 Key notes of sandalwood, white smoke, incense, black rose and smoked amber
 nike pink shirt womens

* * *

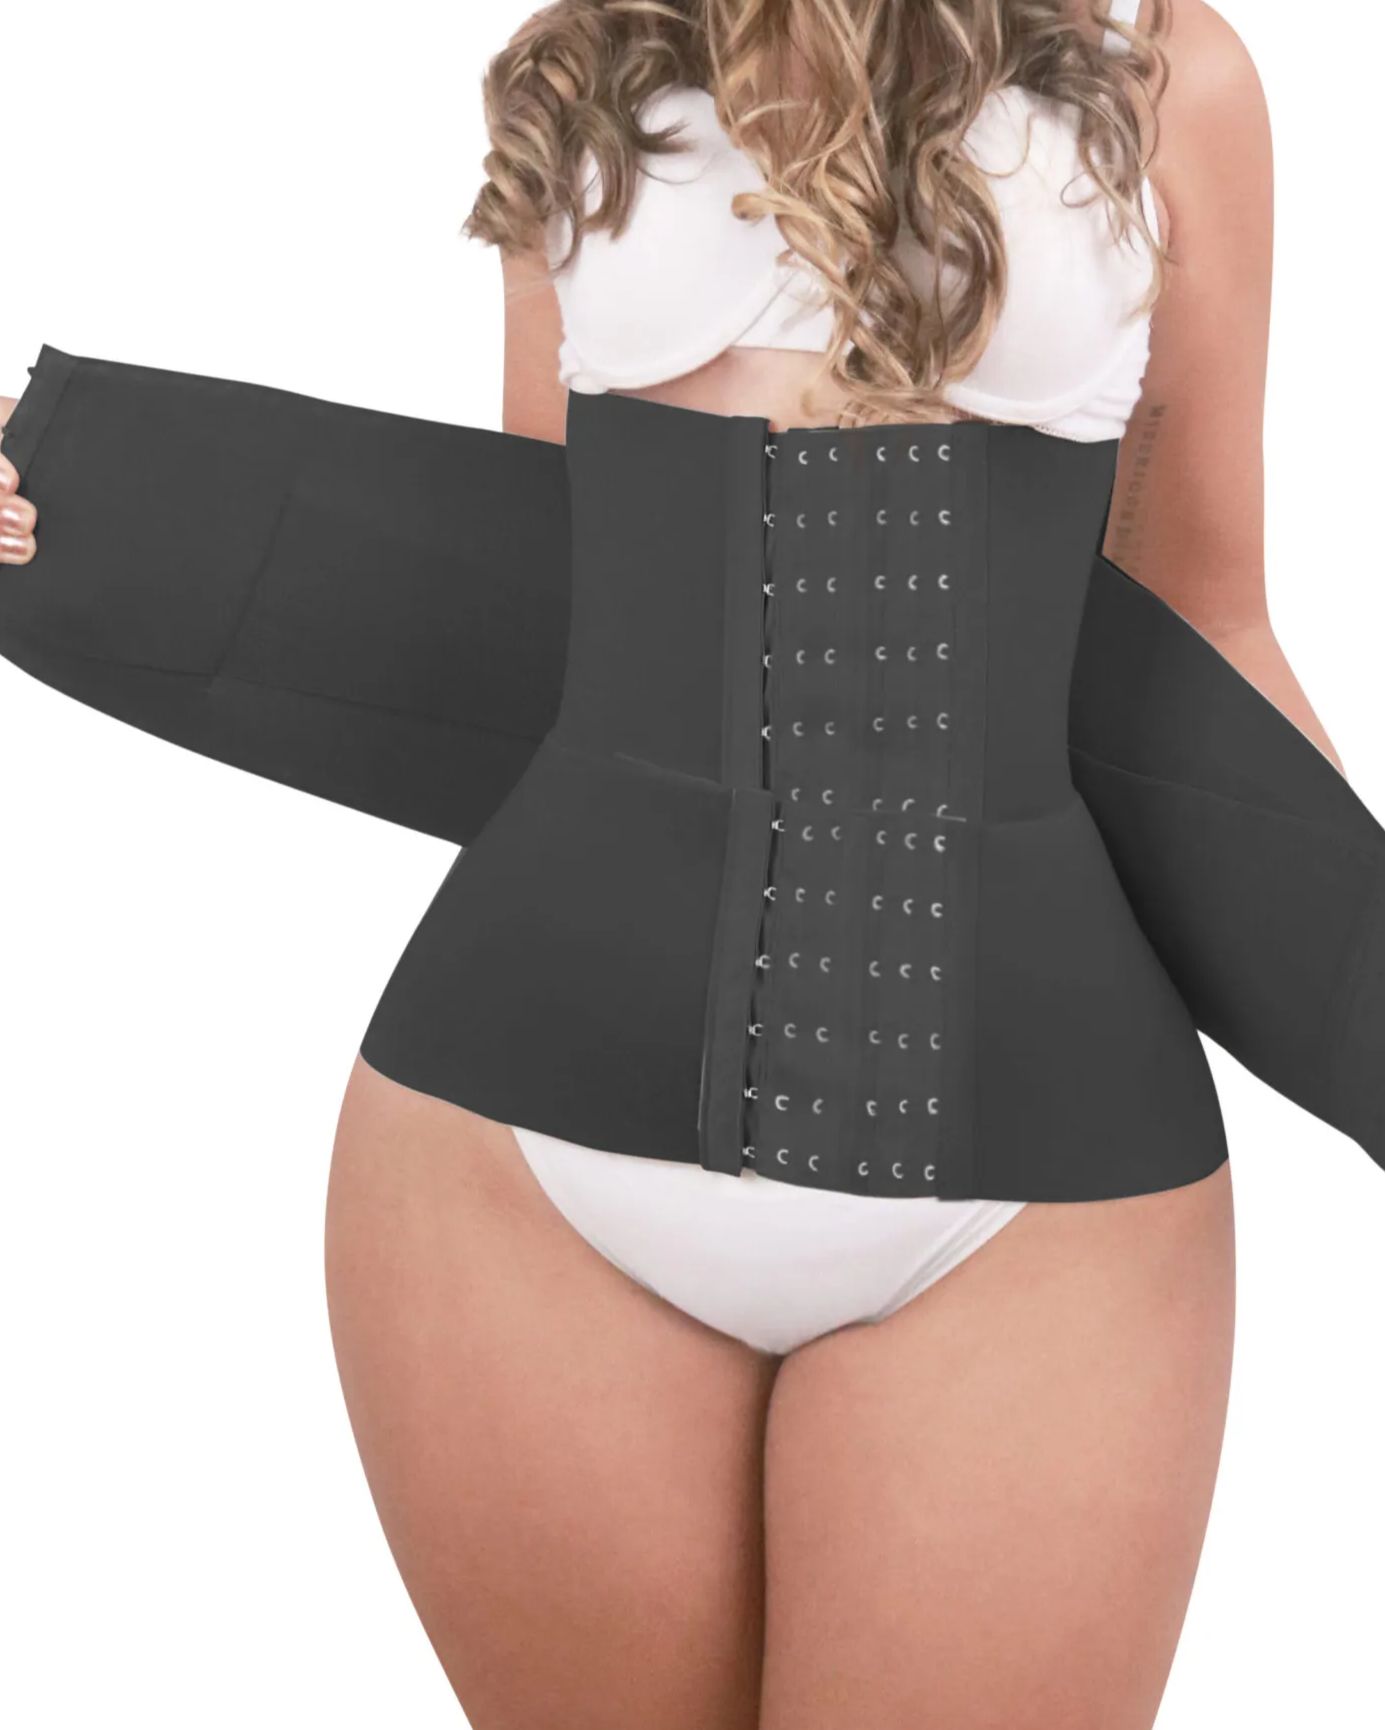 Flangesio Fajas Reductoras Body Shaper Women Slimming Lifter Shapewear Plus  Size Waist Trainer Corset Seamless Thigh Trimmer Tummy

* * *

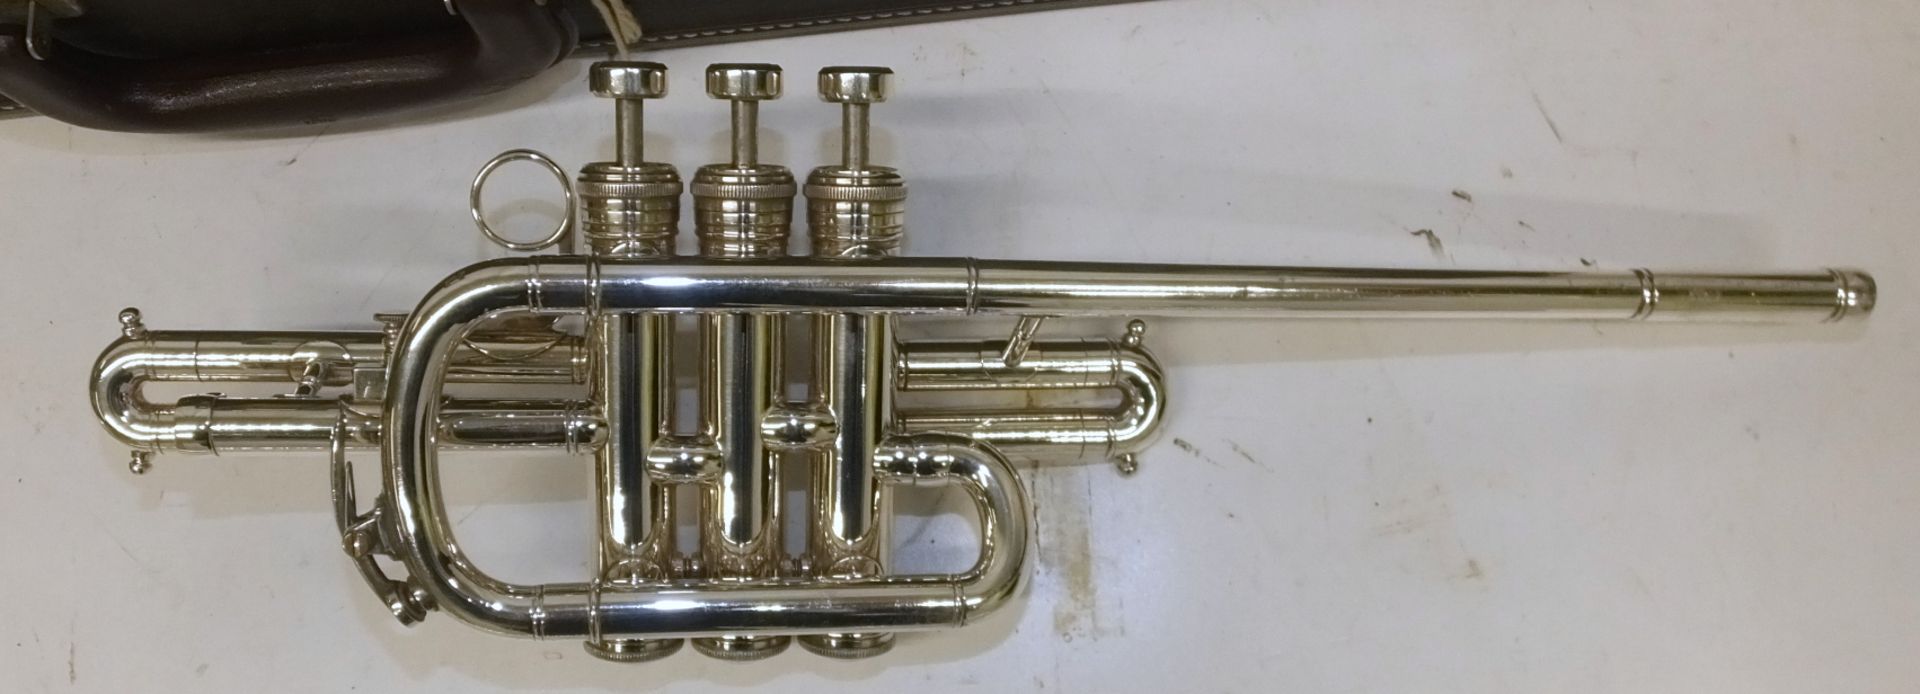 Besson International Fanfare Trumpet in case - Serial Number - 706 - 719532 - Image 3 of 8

REQUIRED WORK ->
Restate word for word only the lines above from the line containing "Key notes of" to the line containing "nike pink shirt womens", both of them included.

EXERCISE OUTPUT ->
 Key notes of sandalwood, white smoke, incense, black rose and smoked amber
 nike pink shirt womens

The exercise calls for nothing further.